Cost isn't an issue with the F-35 when comparing to the Rafale deal currently being negotiated. Geopolitical reasons however, are.

The FMS package includes the aircraft, Pratt & Whitney F135 engines - including five spares - electronic warfare systems and other equipment. It also includes logistical support, including software development and integration, spare parts, training and other elements.At $10 billion, the deal values each aircraft at roughly $238 million, although this number includes a lifetime of support.

The Defense Security Cooperation Agency notified Congress March 29 of a possible Foreign Military Sale to the Government of Korea for 60 F-35 Joint Strike Fighter Conventional Take Off and Landing (CTOL) aircraft and associated equipment, parts, training and logistical support for an estimated cost of $10.8 billion.

Edit:

The Denmark Evaluation has put the entire Danish Life Cycle Cost for the F-35's including procurement, support, 216,000 fleet hours of operation, manpower, fuel etc at $318.5 Million per aircraft, to be paid (obviously not to the OEM) between 2020 and 2050.
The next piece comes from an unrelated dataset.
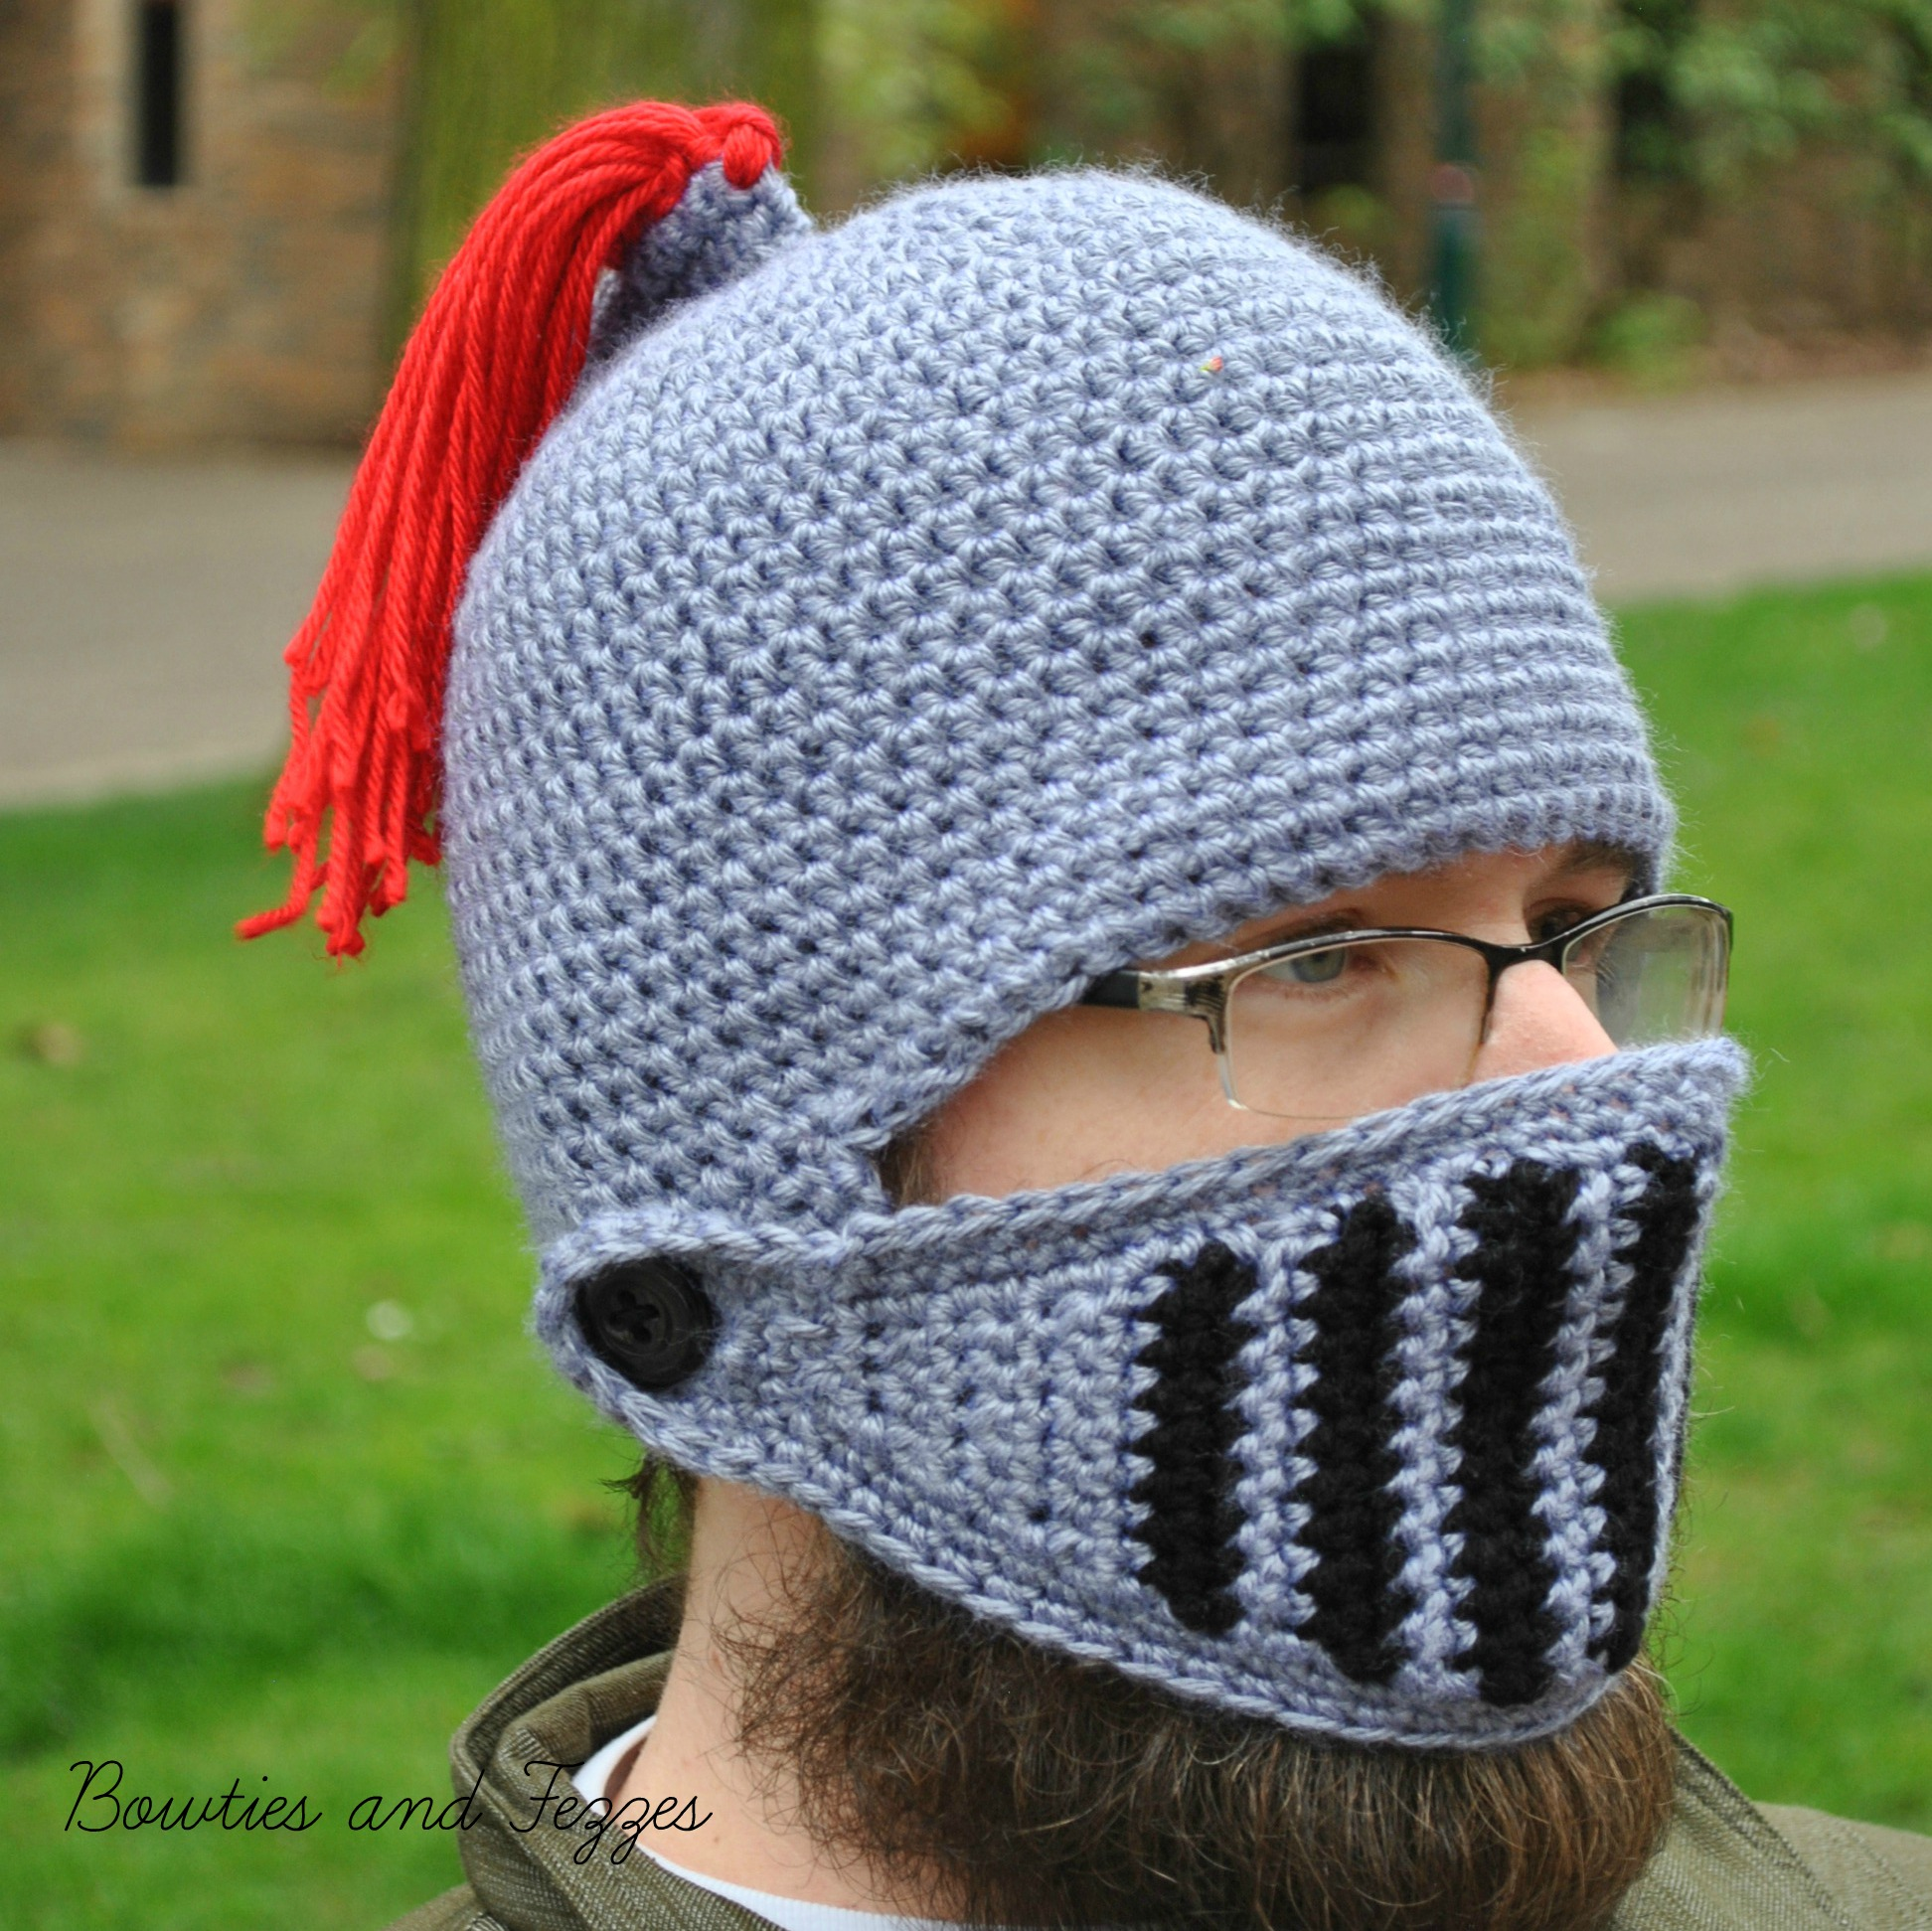 Sir Knight Helmet Crochet Pattern Free American Bathtub Refinishers
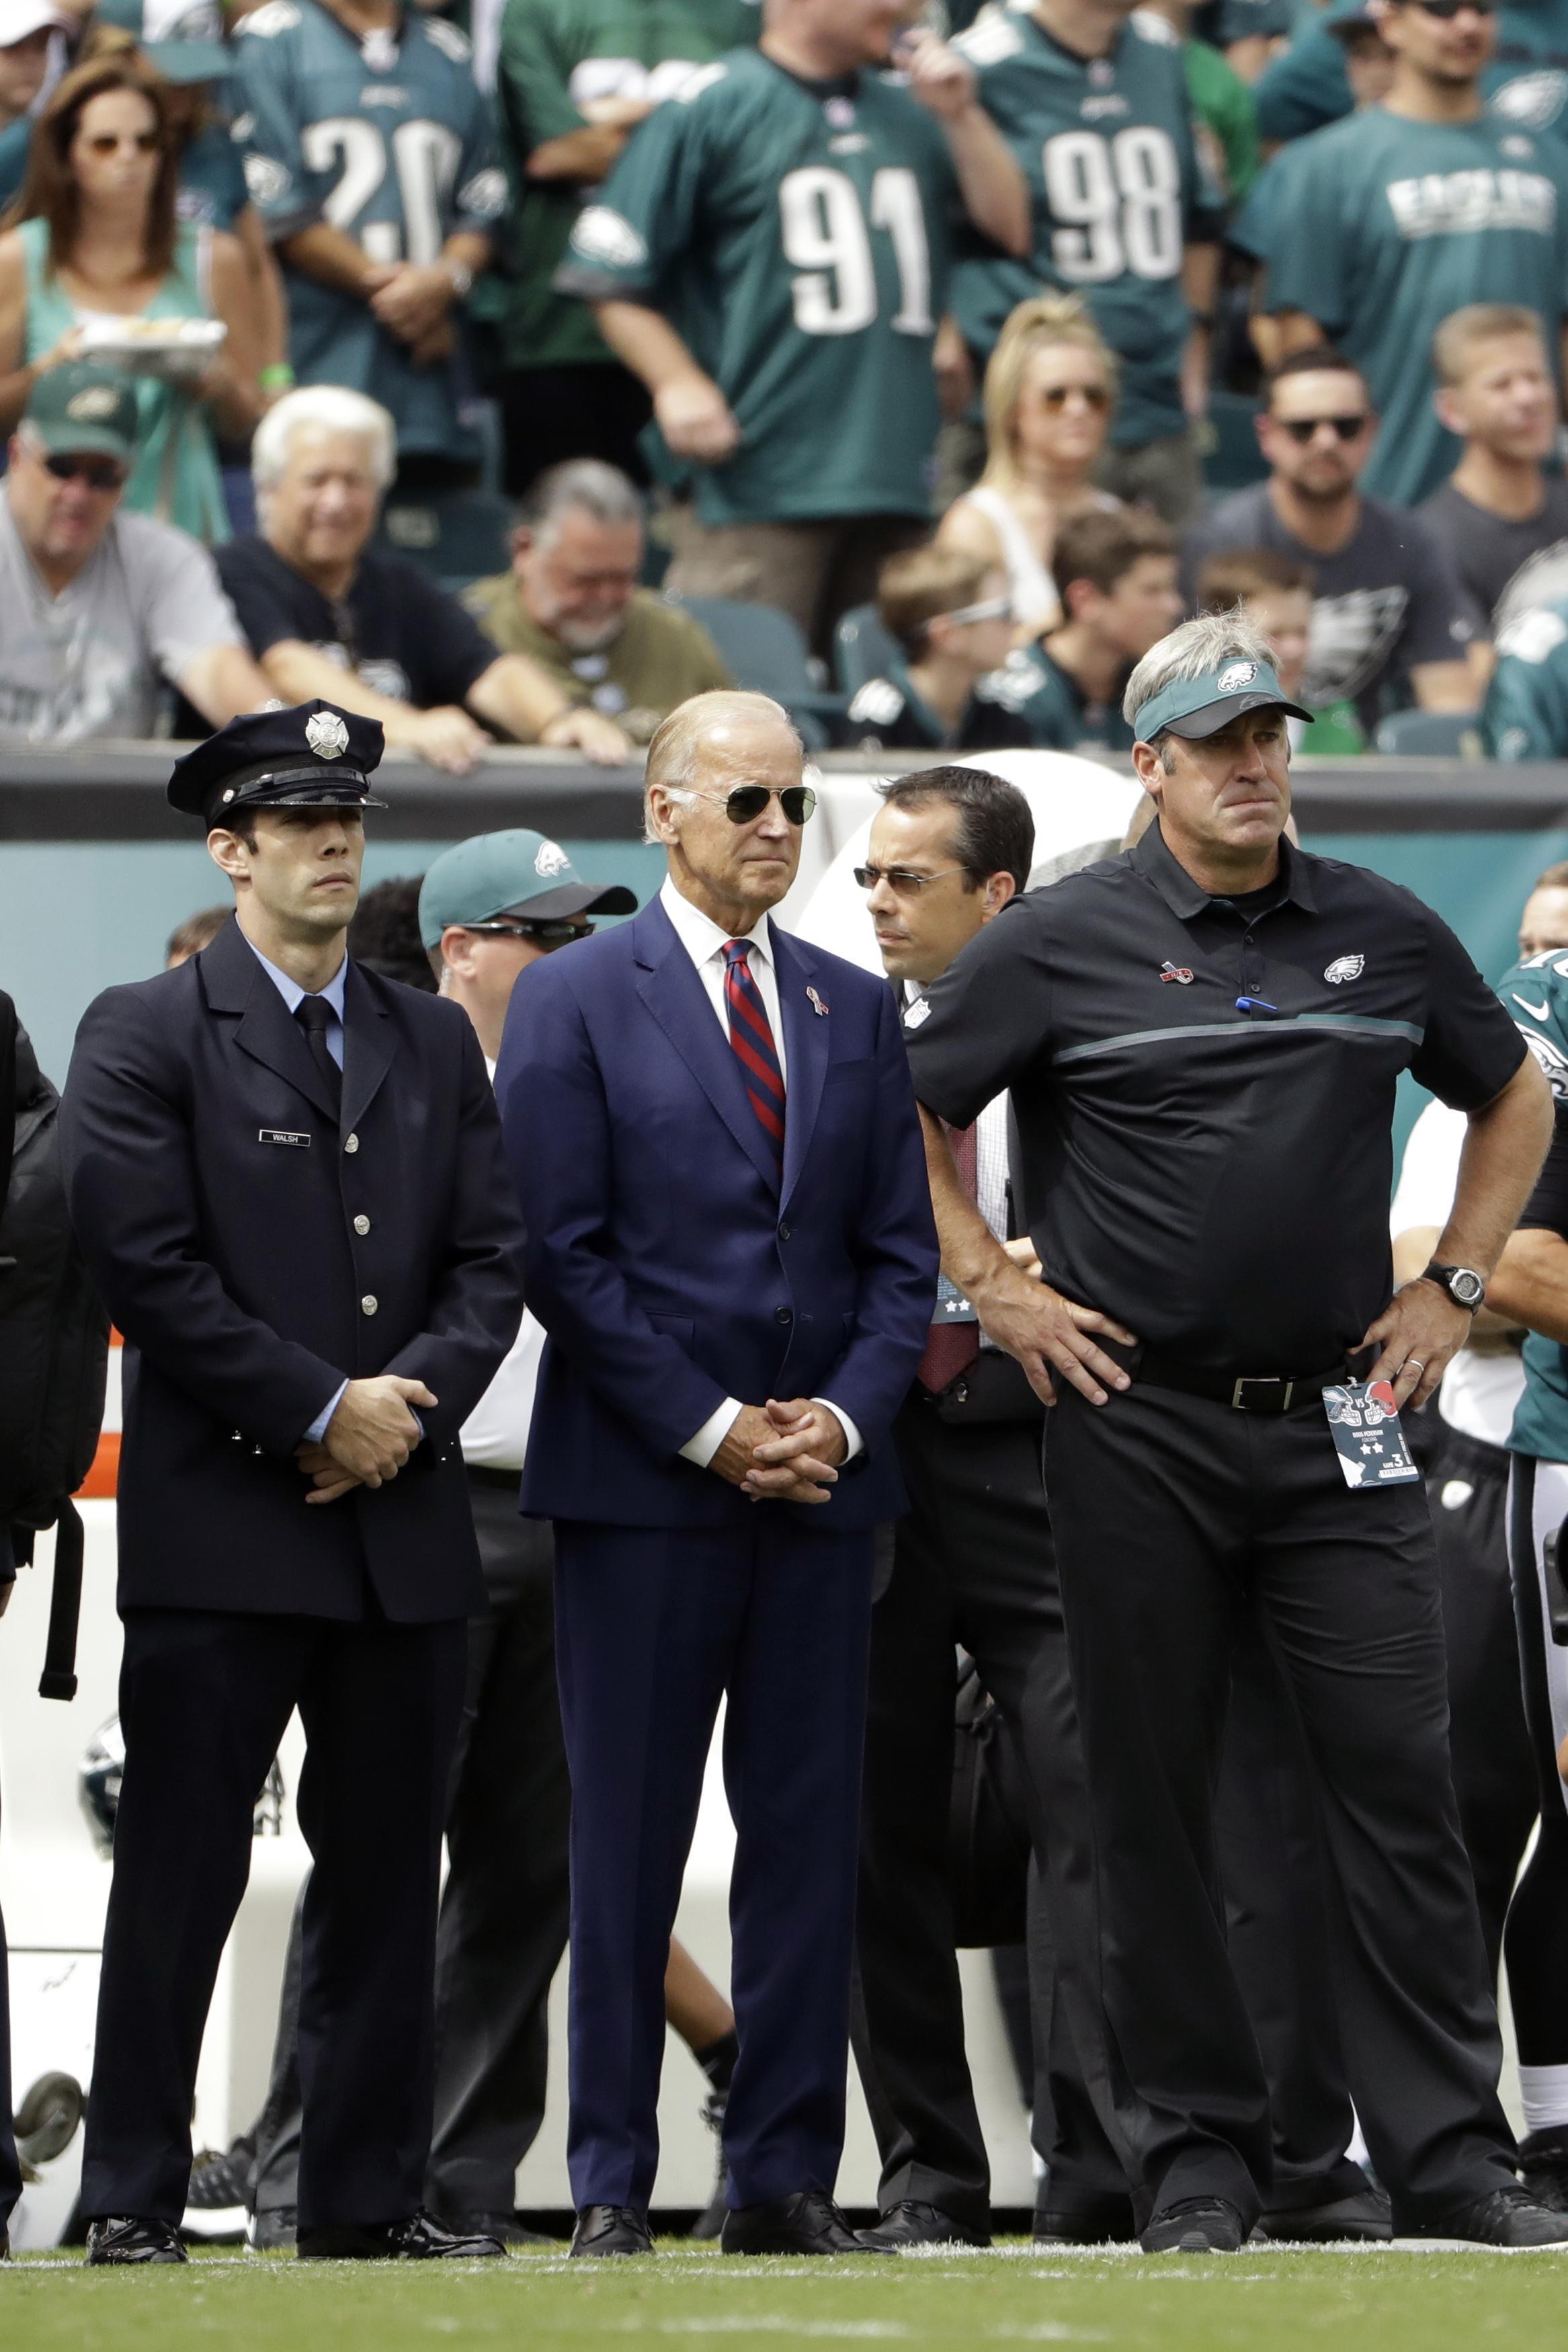 Vice President Joe Biden, center,  and Philadelphia Eagles head coach Doug Pederson, right,  stand before an NFL football game against the Cleveland Browns, Sunday, Sept. 11, 2016, in Philadelphia. (AP Photo/Matt Rourke)

Overall, the program is expected to cost 56.4 billion Danish krone over the currently planned 30-year life of the program from 2020 to 2050.

Denmark’s fleet of F-35s will be one of the smallest in the world and will replace Denmark’s fleet of around 30 F-16 Fighting Falcons, many of which have been in service since the early 1980s. The Danes have followed a pattern set by fellow European F-16 operators The Netherlands and Norway, who have also selected the F-35; Belgium is now the last of the so-called European Participating Air Forces, who purchased the Fighting Falcon in the late 1970s, to decide how it may replace them.

In strategic terms, the F-35 was selected in part because the broad scope of the group of Joint Strike Fighter users would “foster both Denmark’s transatlantic ties and the country’s collaborative relations with a range of European partners,” the officials said.
Defense officials also looked favorably at the Typhoon in this respect.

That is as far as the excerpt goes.